# Bella chilling



## Angie NG (Jun 6, 2012)

Bella with her best buddy chilling on a Saturday morning


----------



## VictoriaW (Mar 16, 2011)

After I saw this, I had to run over and take a quick pic of the scene on our couch!


----------



## VictoriaW (Mar 16, 2011)

How do I rotate my pics? They are right-side up on my iPad...


----------



## Angie NG (Jun 6, 2012)

Victoria, 

You need to do it before uploading to site. Go into your photo album on your iPad click on the photo and select edit. You should then have the option at the bottom left to rotate image.

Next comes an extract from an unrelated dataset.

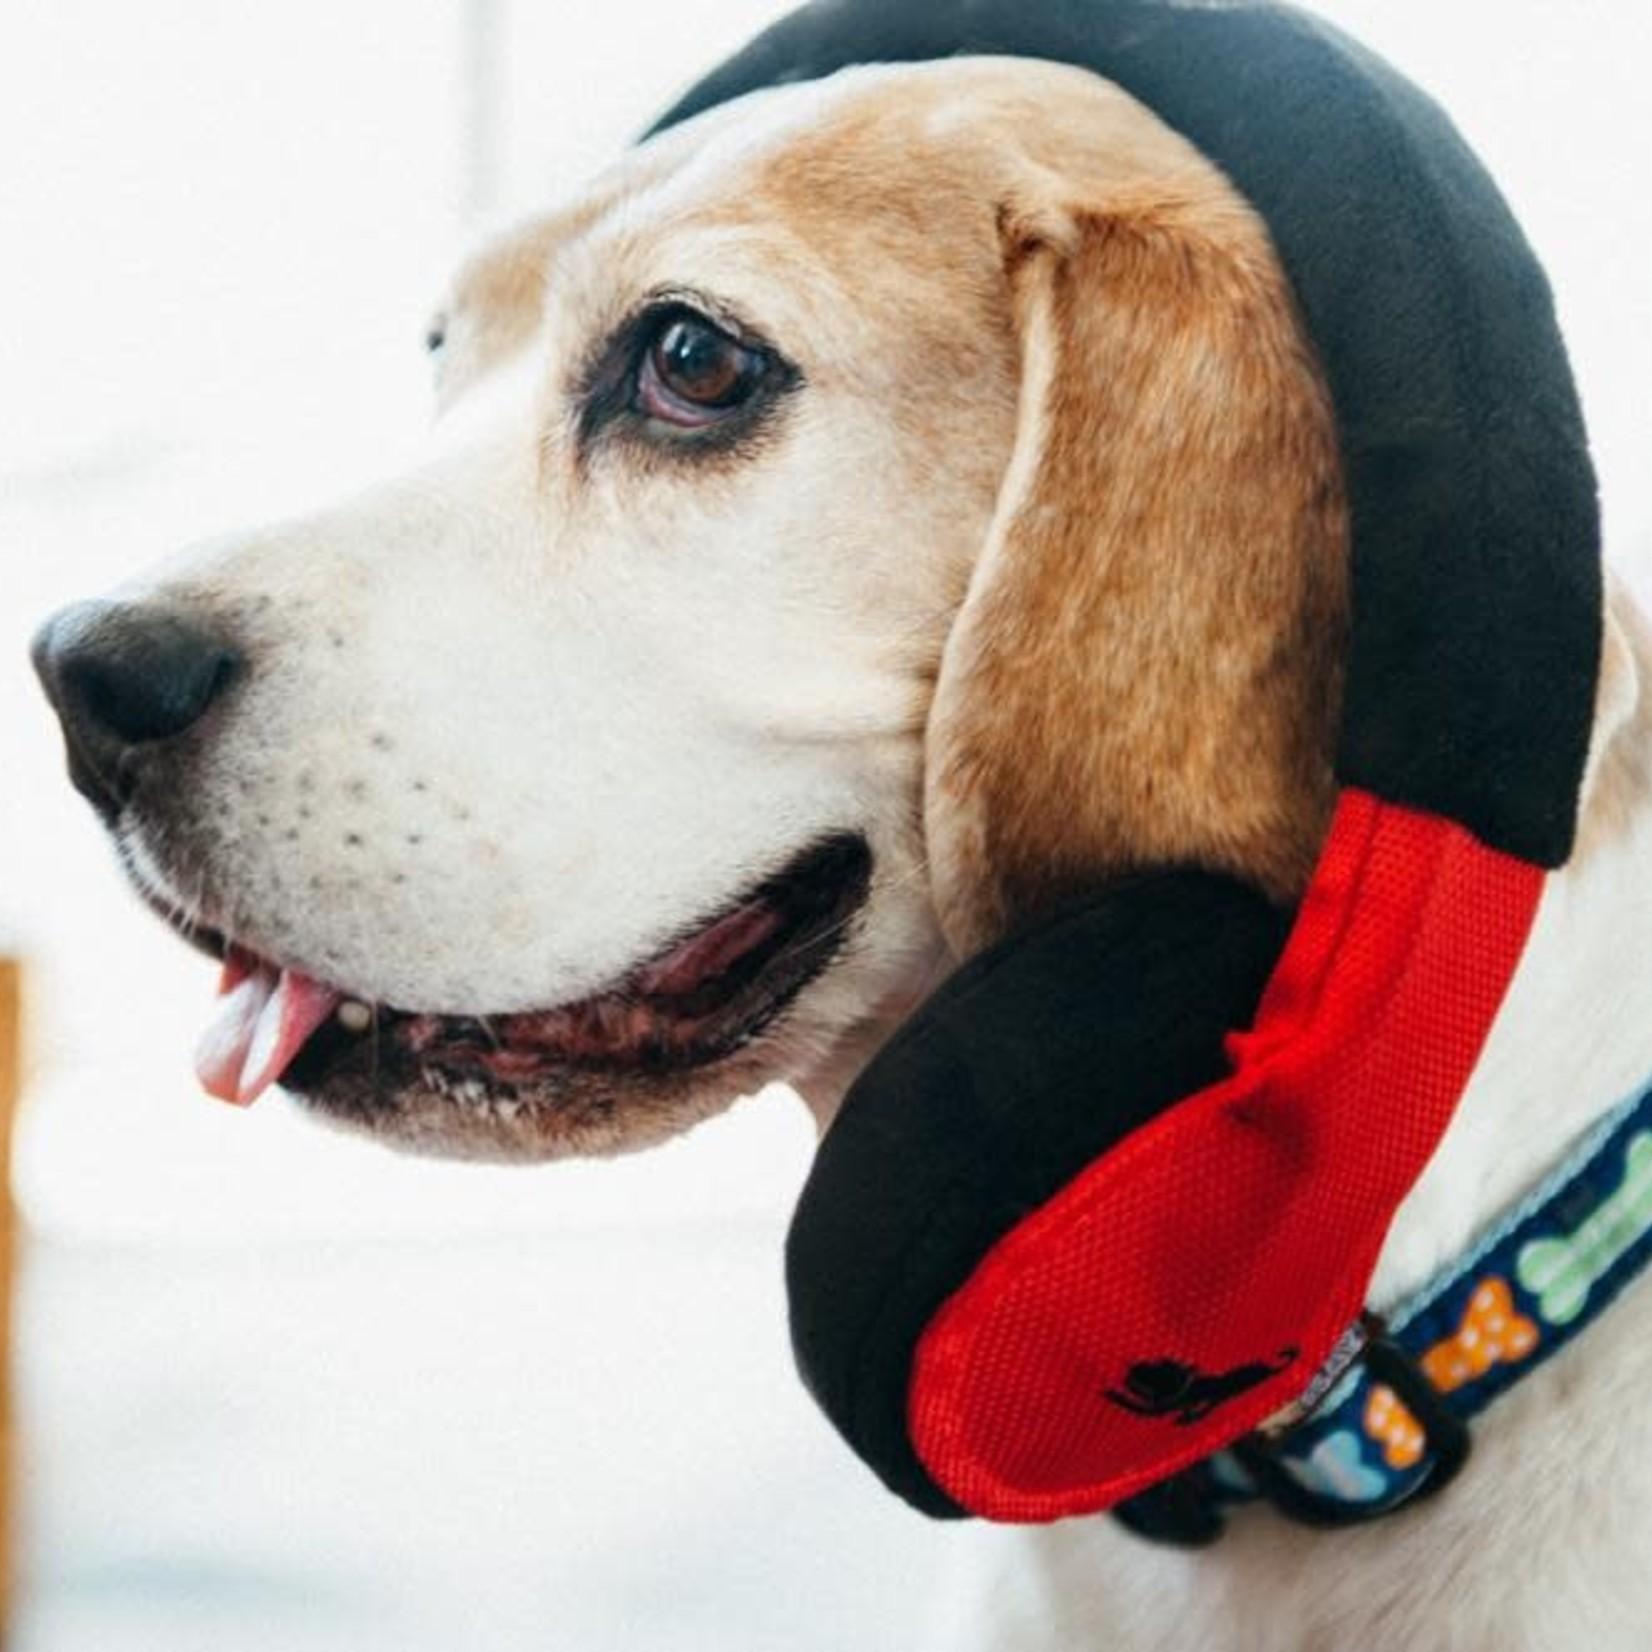 PLAY PLAY Globetrotter - Headphone

Rotate and save...

Hope this helps


----------



## VictoriaW (Mar 16, 2011)

Got it! Thanks! Maybe fewer sideways pics from me moving forward.... :-[


----------



## OttosMama (Oct 27, 2011)

V - I love how your kids are reading in all your pics!! It's nice to see


----------



## VictoriaW (Mar 16, 2011)

Thanks, OttoMama! I have to admit that it is a lot easier to snap a picture when someone's nose is in a book than it is when they are chasing each other through the house with Lego spears or Ninja swords....


----------



## Veebers (May 20, 2012)

Ahhhhh just like life here! 😍


----------



## Rachyd03 (Jul 11, 2012)

Flynn and Bella are very similar. I know all v's look like each other but I think you can defiantly tell these two are related. Can't wait to meet up . She looks like she loves your son. I love it when Flynn cuddles up with faith x


----------